Pope Francis said he hoped to visit Spain to mark the 500th anniversary of the conversion of St Ignatius of Loyola in an interview published Wednesday.
The pope told the Spanish edition of the monthly magazine Il Mio Papa that he hoped to travel to Manresa, in central Catalonia, where the founder of the Jesuit order arrived in 1522 seeking to pray and do penance.
“I believe that the conversion of St. Ignatius is also an encounter of the heart and can invite us to reflect on our personal conversion, to ask for the gift of conversion to love and serve more in the way of Jesus Christ,” said Francis, the first member of the Jesuits to be elected pope, in the interview released Oct. 7.
Ignatius’ military career came to an abrupt end in 1521 when a cannonball injured his right leg while he was defending the city of Pamplona. He experienced a spiritual awakening while recovering from surgery. When he could walk again, he decided to embark on a pilgrimage to the Holy Land.
He went to a Benedictine abbey in Montserrat, where he confessed his sins, exchanged his expensive clothes for sackcloth, and left his sword before an altar dedicated to the Virgin Mary.

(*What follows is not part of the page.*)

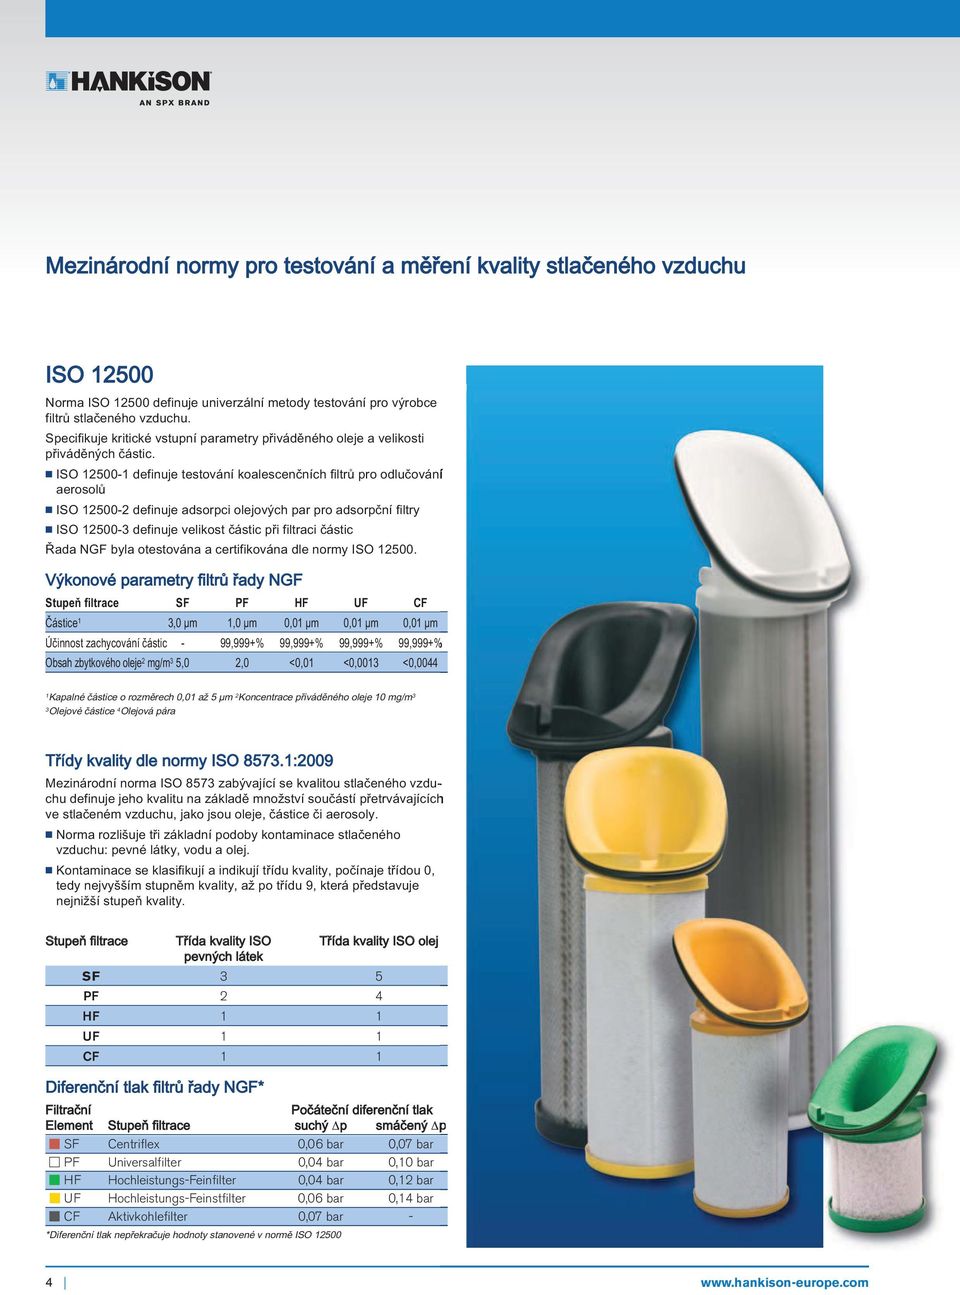 ISO 12500-1 definuje testování koalescenčních filtrů pro odlučování aerosolů ISO 12500-2 definuje adsorpci olejových par pro adsorpční filtry ISO 12500-3 definuje velikost částic při filtraci částic

He then walked to Manresa, arriving on March 25, 1522, and settling in a natural cave where he would spend the next 11 months. It was there that he underwent the religious experiences that led him to write the Spiritual Exercises, the foundation of Ignatian spirituality.
In 2022, Manresa will be the focus of events marking the 500th anniversary of this turning point in the life of Ignatius, who went on to complete his pilgrimage to Jerusalem and then founded the Society of Jesus in 1534.
In July, Jesuit superior general Fr. Arturo Sosa announced that 2021-2022 would be designated an Ignatian Year. The year will begin on May 20, 2021, the 500th anniversary of the wounding of St. Ignatius during the Battle of Pamplona, and end on July 31, 2022, the Jesuit founder’s feast day.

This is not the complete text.